For Immediate Release, September 23, 2013
|Contact:||Tierra Curry, Center for Biological Diversity, (928) 522-3681
Kylie Paul, Defenders of Wildlife, (406) 370-6979
Gary Macfarlane, Friends of the Clearwater, (208) 882-9755
Travis Bruner, Western Watersheds Project (208) 788-2290
Endangered Species Act Protection Sought for Northern Rockies Fisher
Rare Forest Carnivore Threatened by Trapping, Habitat Loss
MISSOULA, Mont.— A coalition of conservation groups filed a petition with the U.S. Fish and Wildlife Service today seeking Endangered Species Act protection for the Northern Rockies fisher, a secretive carnivore that lives in old-growth forests along the border of Montana and northern Idaho. The fisher is a cat-like, medium-sized member of the weasel family with a slender, brown body and long, bushy tail. The fisher nearly went extinct in the early 20th century because of trapping and logging of old-growth forests.
“This feisty carnivore that eats porcupines for breakfast has already fought off extinction once. But now it needs Endangered Species Act protection to protect it from the many threats it’s facing,” said Tierra Curry, a biologist at the Center for Biological Diversity and primary author of the petition.
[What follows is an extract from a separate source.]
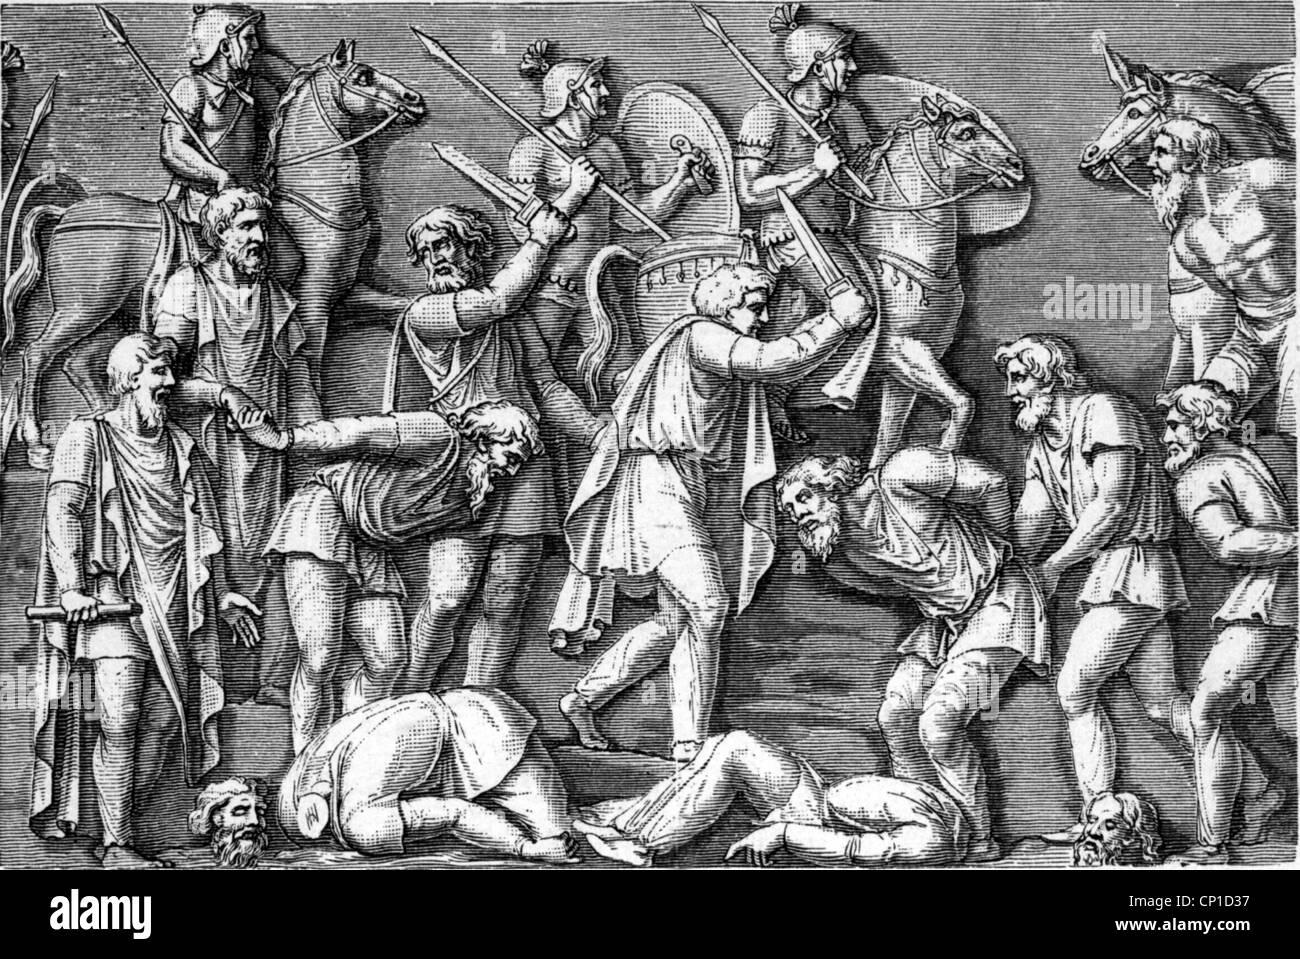 Veranstaltungen, Marcomannic Wars 166-180, der König der Markomannen beobachten Hinrichtungen, Holz Gravur, Stockbild
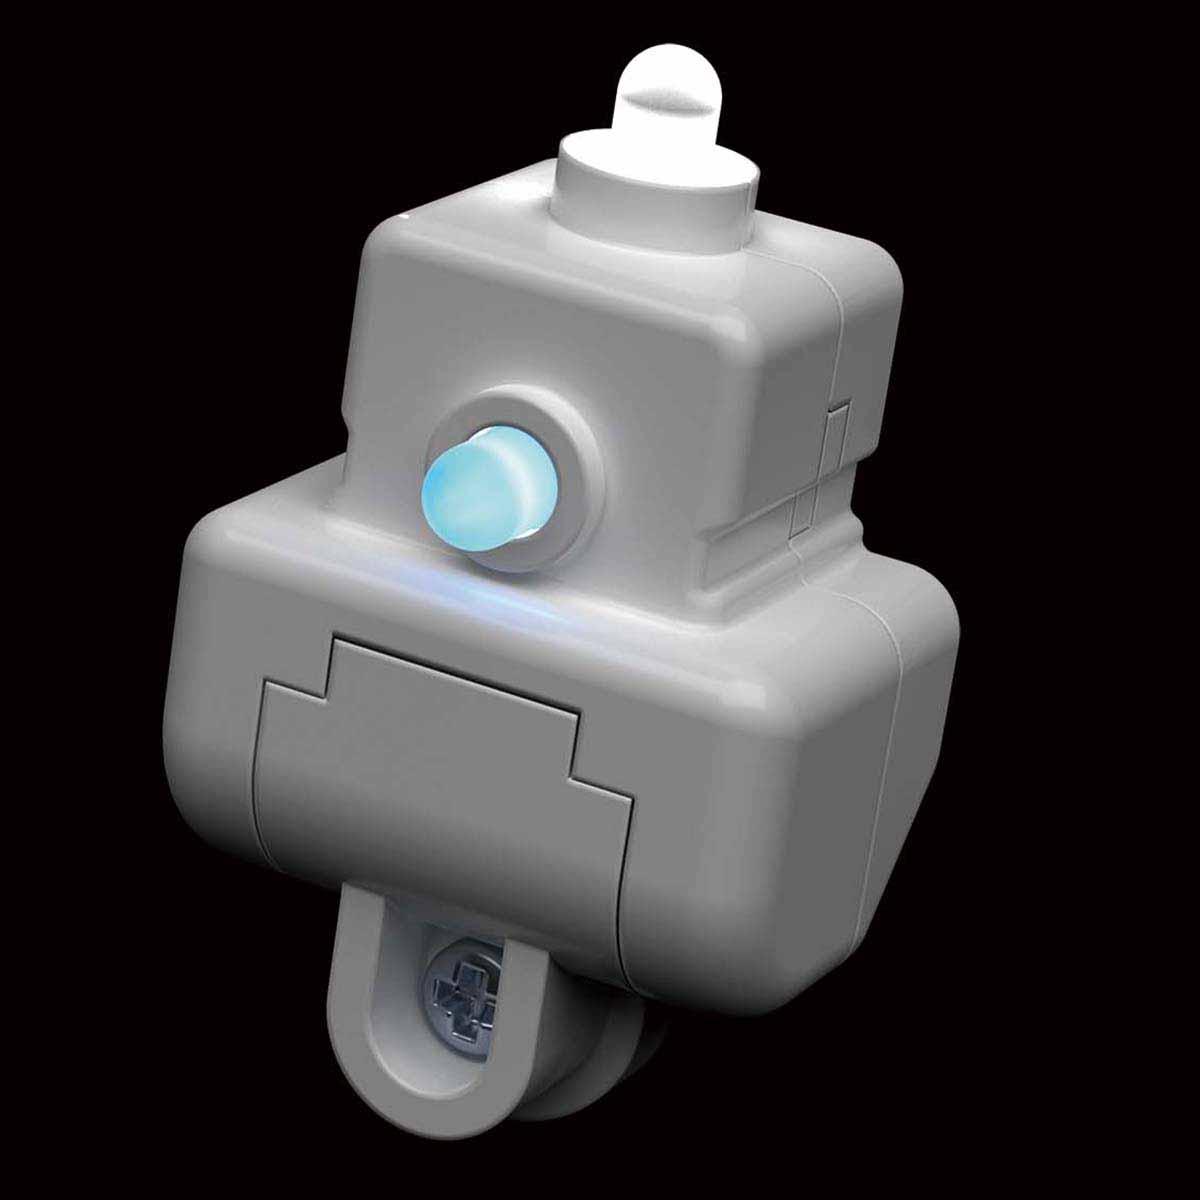 LEDユニット デュアルタイプ(ホワイト_ブルー/レッド)

Fishers are legally trapped in Montana, and in Montana and in Idaho they are sometimes accidentally caught in traps set for other species, such as martens and bobcats. In recent years the number of fishers caught in traps set for other species has increased dramatically, raising concerns for the rare carnivore’s survival. Twice as many fishers have been incidentally trapped in Idaho since 2008 as were captured from 2002 to 2007. In Idaho reported nontarget catch of fishers by individual fur-takers was 46 fishers in the 2010-2011 trapping season, four of which were killed, and 30 fishers in the 2011-2012 trapping season, 18 of which were killed. There has also been an increase in the number of trapping licenses sold in recent years, likely related to trapping for wolves.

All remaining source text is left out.